HERE is the latest installment in the ongoing series, “Tales of Chester,” a first-hand account of my husband’s childhood in the industrial — and strategically-vital — town of Chester, Pennsylvania.
The End of the World
We were not surprised to learn that the living Satan himself had added the strategically-vital town of Chester, Pennsylvania, to his itinerary. Chester was home to one of the world’s great shipyards and would be a magnet for Russian atomic bombs. So it only made sense that the great conqueror and oppressor and hater of all that was holy, Nikita Khrushchev, would want to see this inviting target firsthand when he visited the United States.
The buildup to Khrushchev’s visit to America evoked images as threatening as a gathering of thunderheads along a storm front, the way we imagined the sky might look when Gabriel sounded the trumpet to wake the dead at the end of world.

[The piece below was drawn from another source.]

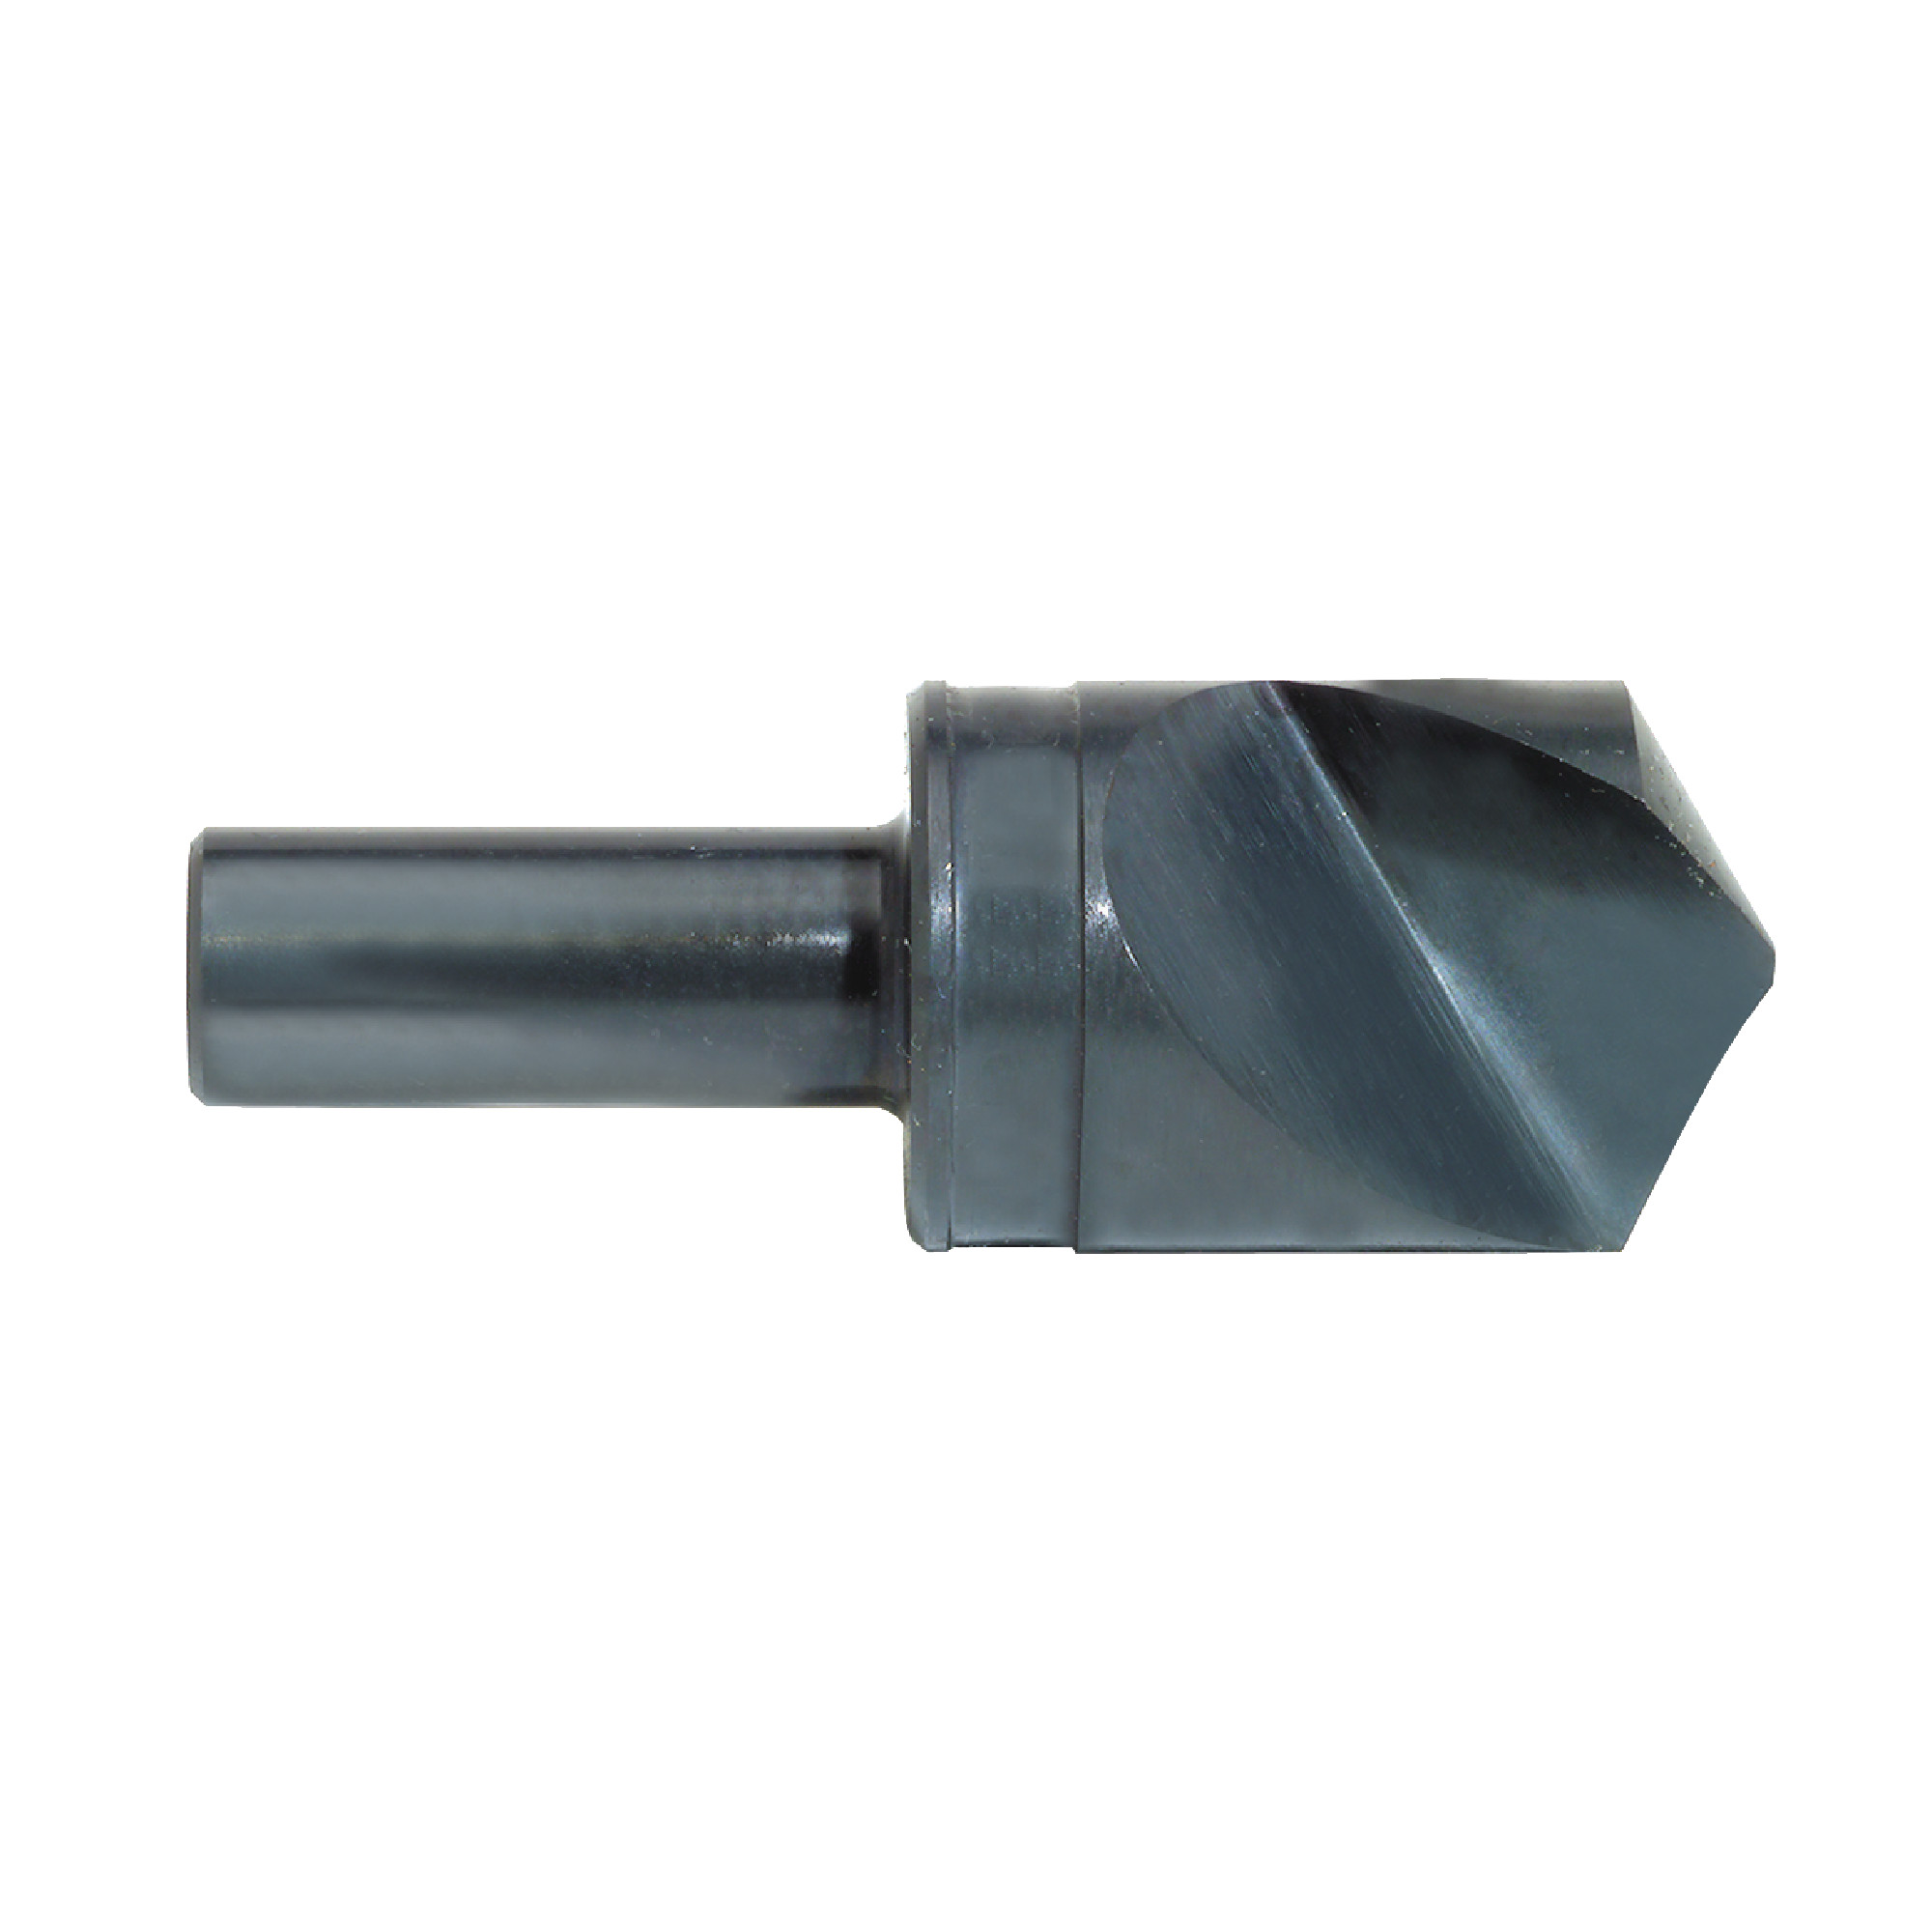 Single Flute (Uniflute) High Speed Steel Countersinks
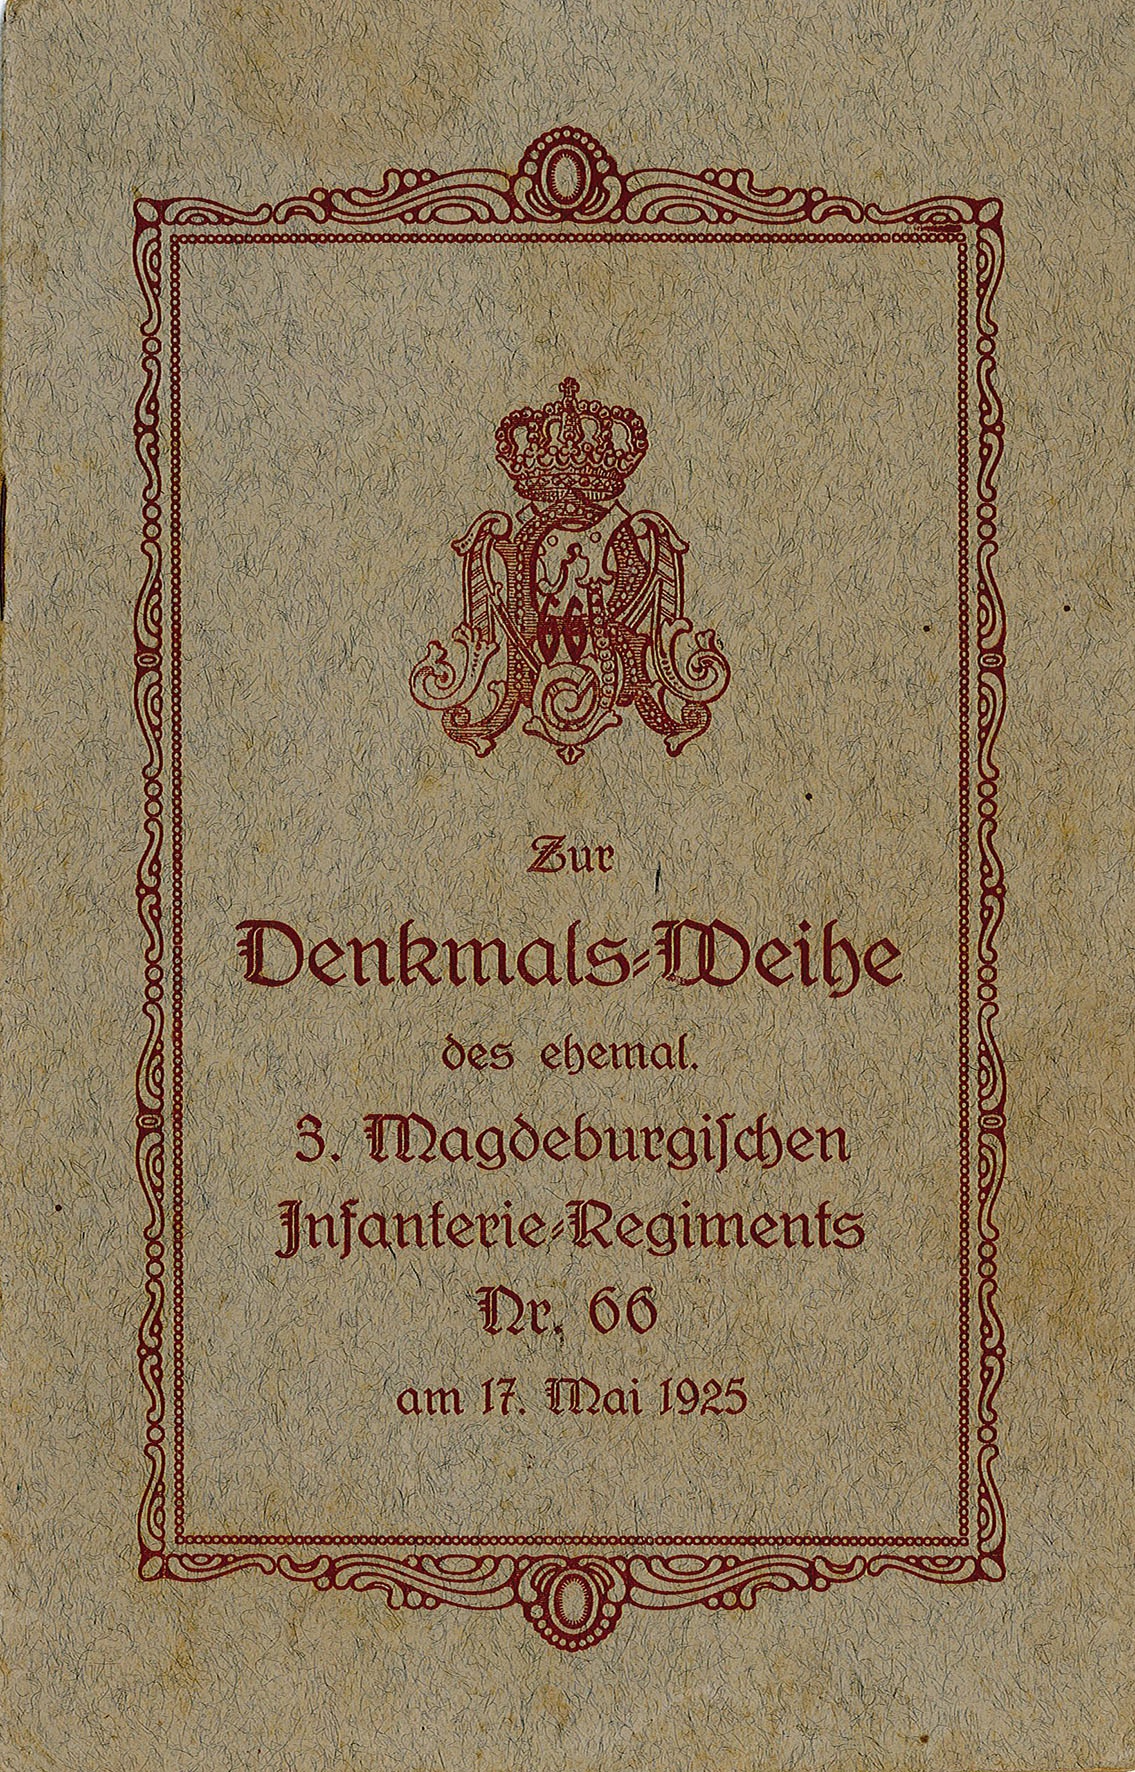 Gedenkschrift Denkmalsweihe des ehemaligen 3. Magdeburgischen Infanterie-Regiments Nr. 66 am 17. Mai 1925 (Museum Wolmirstedt RR-F)

Normally, the Chester Times devoted its pages to Iocal Republican politics (the only kind we had) or the exploits of fullbacks at St. James and the basketball superstars at Chester High, the only kind of kids worth a damn in this town. These were extreme times, however. In the summer of 1959, on the eve of Khrushchev’s visit, the paper rolled out an extensive series under the headline, “We Will Bury You!” It was described as the Communist “Blueprint for the Future,” and we had every reason to believe the Russians could execute to the letter their plans for world domination.